Using the methods of New Criticism, generic criticism, classical Freudian theory, and psychobiography, Dr. Brenner extracts from Hemingway’s deceptively “artless” workds their dynamic but hidden aims. When viewed from these combined critical perspectives, the justly acclaimed novels, the troublesome nonfiction, and even stories dismissed as mediocre take on dimensions of meaning and significance that have previously gone undetected.

Professor Brenner’s revisionary reading divides Hemingway’s mature writings into five phases in order to trace Hemingway’s obsession and two related ideas: that until his last phase, Hemingway’s novels and books of nonfiction were experimental—an intention he tried rigorously to conceal—and that his aesthetic aim, during all phases of his career, was to conceal his art and his cunning as an artist.

To the first phase, which he terms the Thesis Phase, Brenner assigns A Farewell to Arms and The Sun Also Rises; to the second, the Aesthetic Phase, the nonfictional Death in the Afternoon and Green Hills of Africa. The third or Aristotelean Phase contains To Have and Have Not and For Whom the Bell Tolls, conscious attempts to write, first, a classical tragedy and, second, a classical epic. Across the River and into the Trees belongs to the Imitative Phase, Dante’s Divine Comedy being Hemingway’s deliberate, concealed model. The fifth and final phase—the Antithetical—produced the rich but deeply flawed The Old Man and the Sea, Islands in the Stream, The Dangerous Summer, and A Moveable Feast.
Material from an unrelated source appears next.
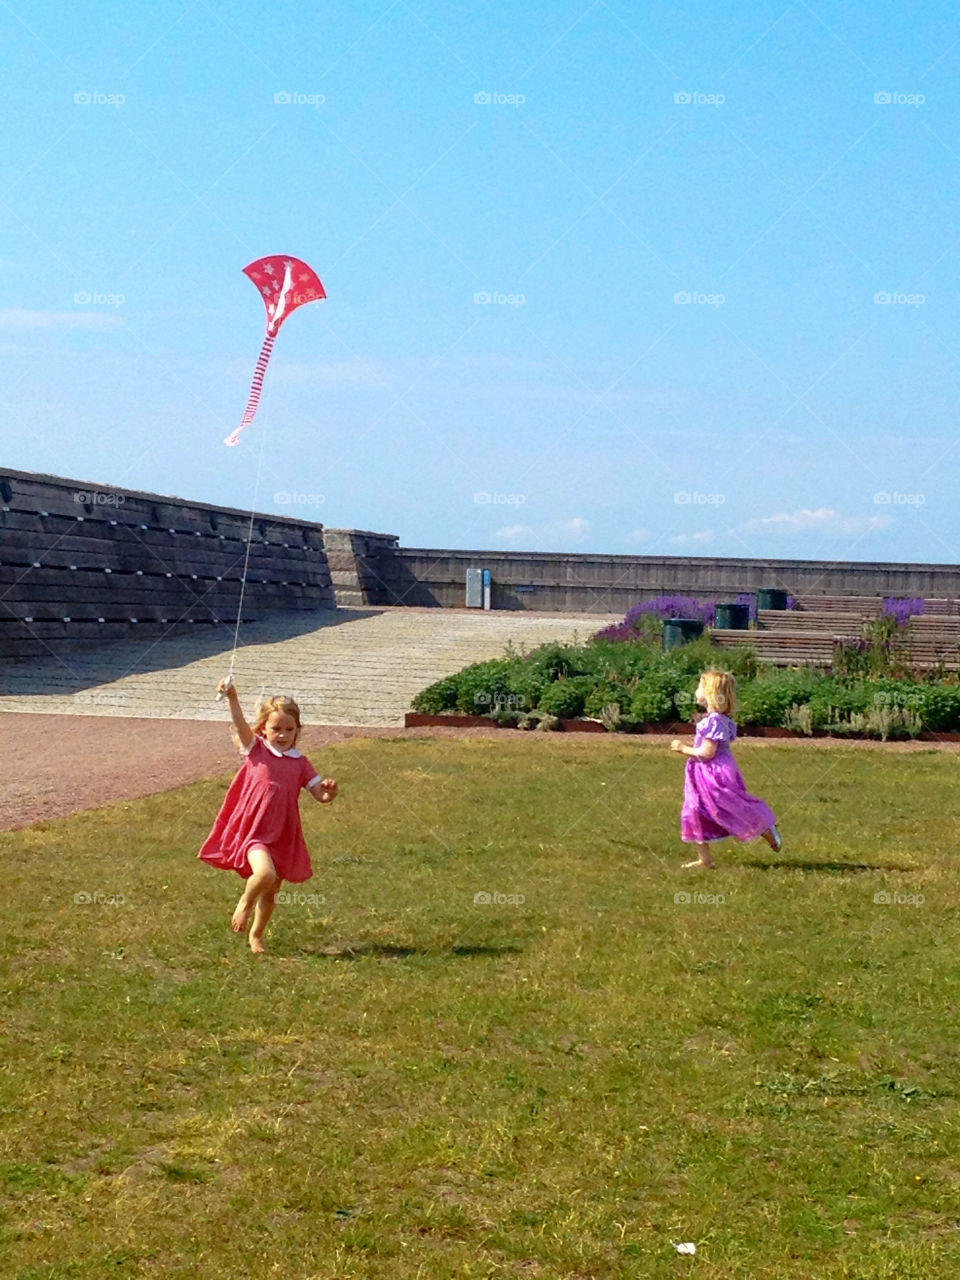 people summer play kite by knattja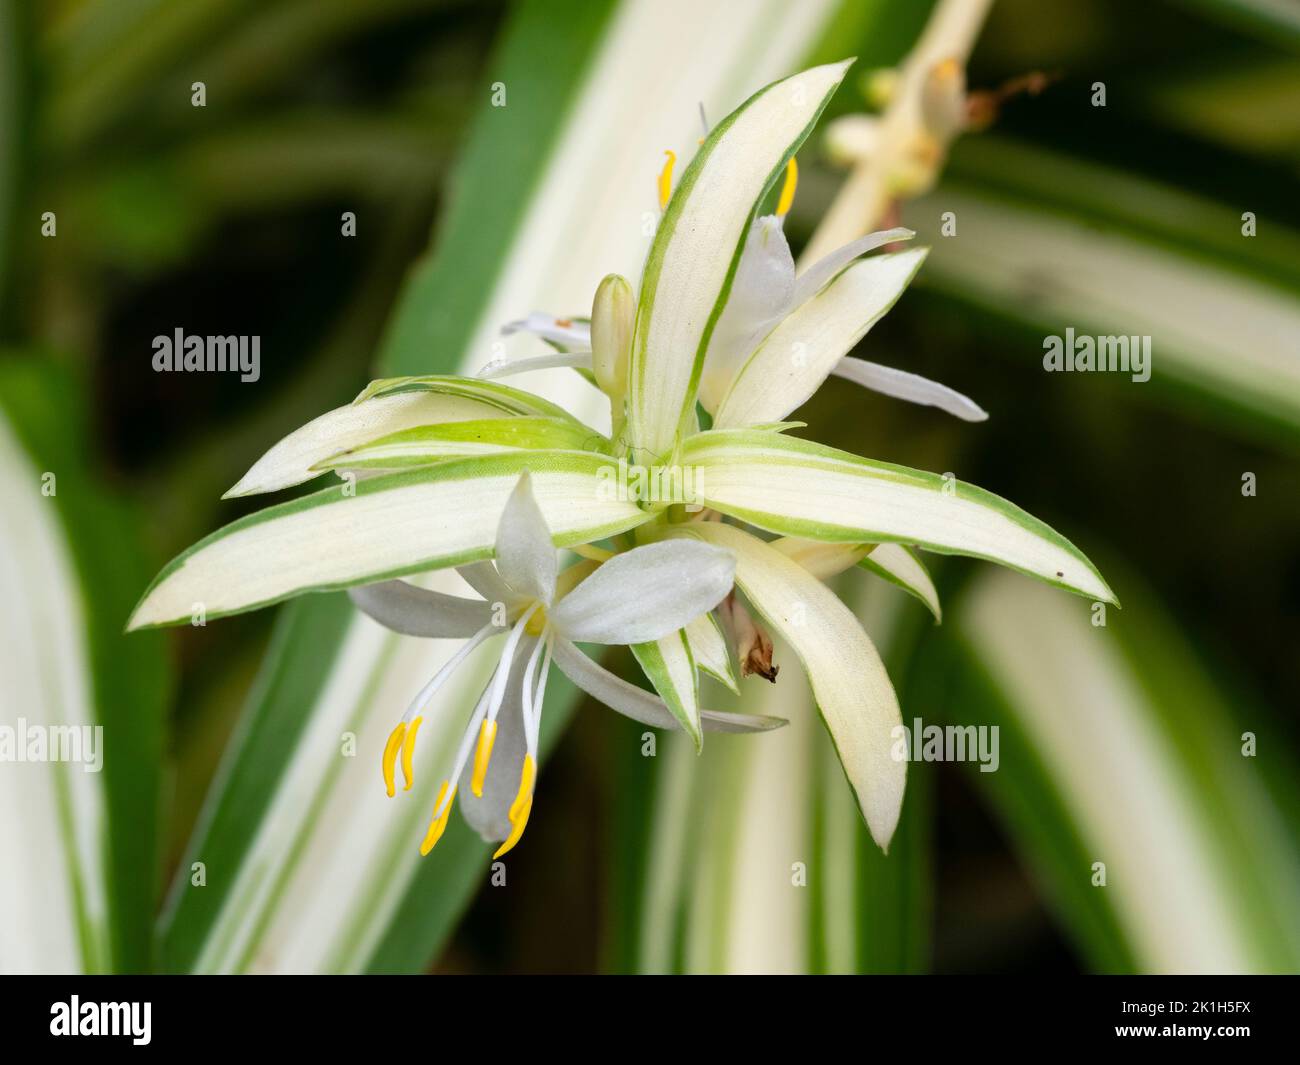 Fleur blanche et feuillage évergé variégé d'un décalage en développement de la plante d'araignée populaire Chlorophytum comosum 'Variegatum' Banque D'Images

The writer who emerges in Professor Brenner’s incisive analysis is the same Hemingway characterized by his biographer, Carlos Bakers, as “a man of many contradictions.” A masculine swagger and much publicized sexuality mask a latent homoeroticism. The flamboyant exhibitionism of “Papa Sportif” hides the self-disciplined, solitary, and secretive craftsman. But beyond these contrarieties of public persona and private self, Brenner finds an artist who early in his career formed the habit of concealing the techniques, models, and sources for his work—the habit that later on, in the middle of his career, led him to conceal as well the literary formulas he used.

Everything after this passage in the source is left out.